How mass shootings profit gun makers and fuel America's addiction to guns
Black Friday has become a gun buyer’s bonanza as marked by FBI records of processed background checks, which serve as a rough indicator of gun sales activity. Last year, the FBI processed about 176,000 background checks on Black Friday. This year, checks on Black Friday were up five percent from last year to a record 185,345, according to the New York Times. Background checks do not exactly measure gun sales, since not all people who get checks purchase guns and since once checked, buyers can purchase multiple guns. However, if only one in every ten background checks resulted in a single gun purchase or more, America sold more guns than there were children born on that day.
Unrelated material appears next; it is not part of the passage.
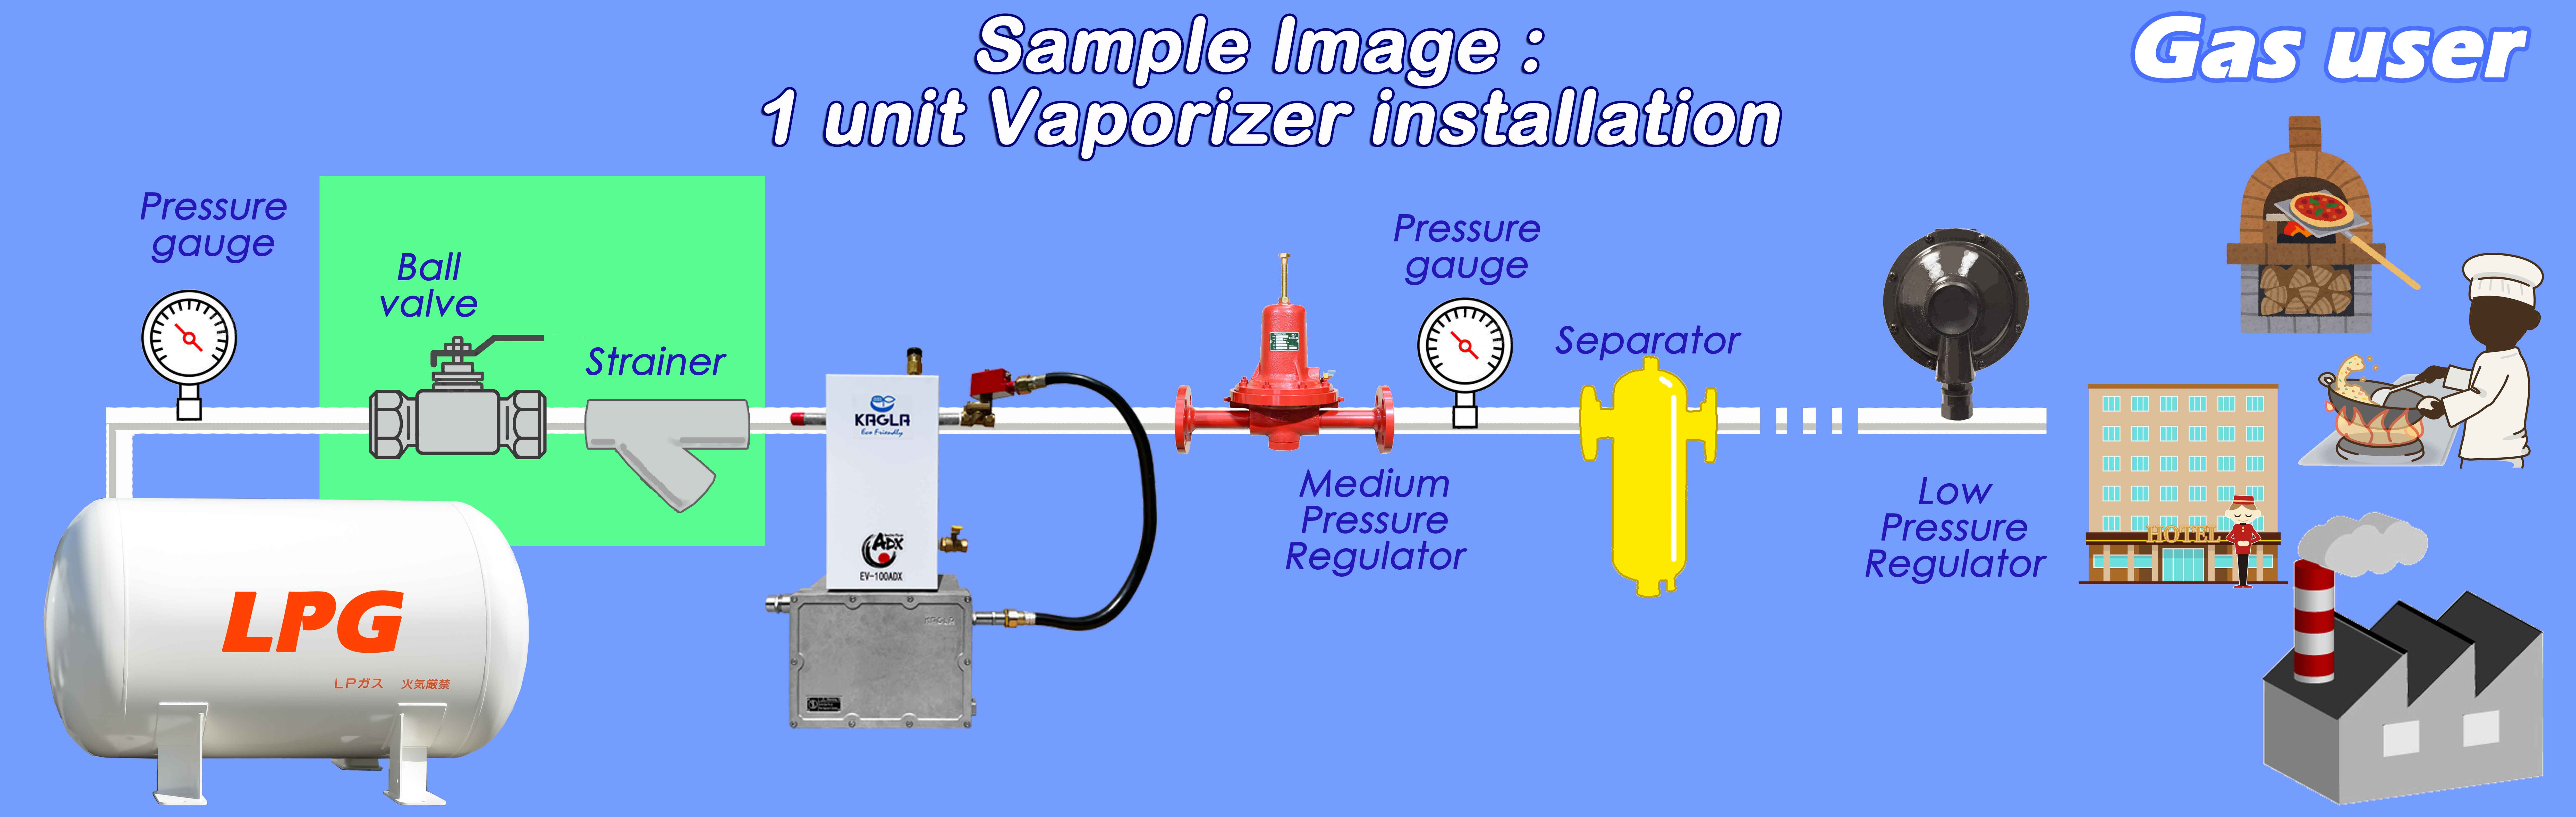 Sample installation image of 100ADX vaporizer and related LPG devices
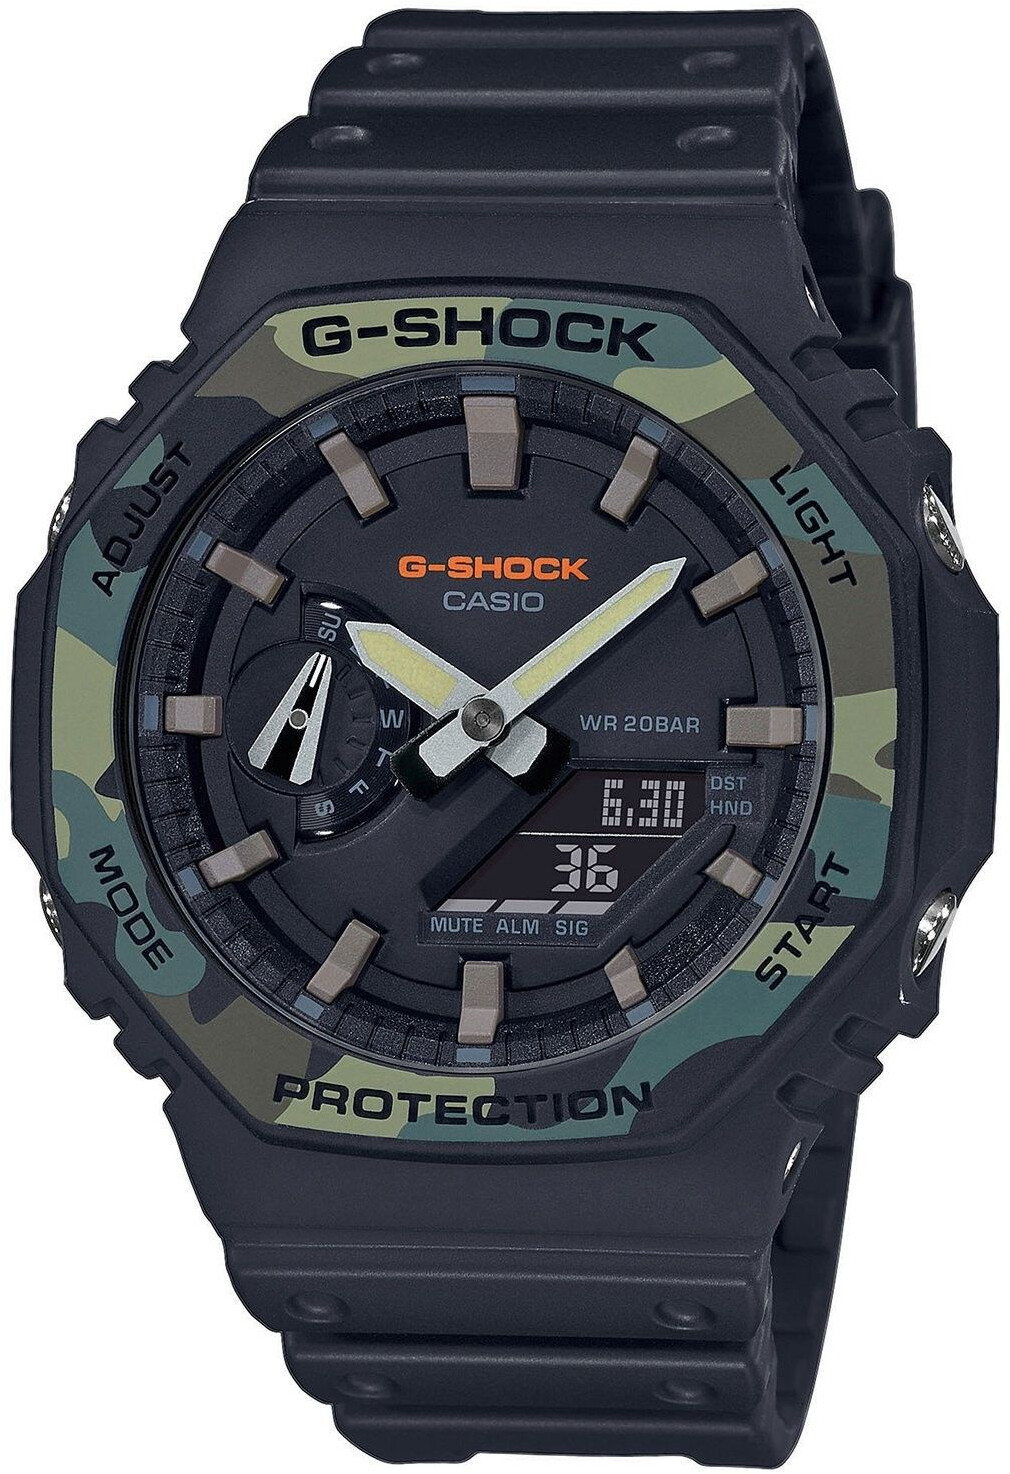 Buy Casio G-Shock GA-2100 from £90.63 (Today) – Best Deals on idealo.co.uk

The other notable news about Black Friday: the mass shooting at Planned Parenthood, where Robert Lewis Dear killed three people and wounded nine others.
It is hard to establish correlation, especially given how much other climate factors over the past year could contribute as well, but the relationship between the Planned Parenthood shootings and gun sales is not coincidental, either. This year saw the biggest June gun sales ever. That month was marked by Dylann Roof’s deadly rampage through Emanuel AME Church, killing nine black Americans in an effort to start a race war. The last daily record for background checks came shortly after the Sandy Hook school shooting in Connecticut. The AP reports:
The previous record for the most background checks in a single day was Dec. 21, 2012, about a week after 20 children and six adults were shot to death in a Connecticut elementary school. The week following the massacre at Sandy Hook Elementary saw the processing of 953,613 gun background checks.
After the Colorado shootings, President Barack Obama once again called for stricter limits on the availability of guns.
These numbers are staggering, and reports from gun manufacturers indicate that mass shootings like yesterday’s San Bernardino, California and Savannah, Georgia shootings are not just blips in the market, but regular and predictable sales-driving occurrences for guns.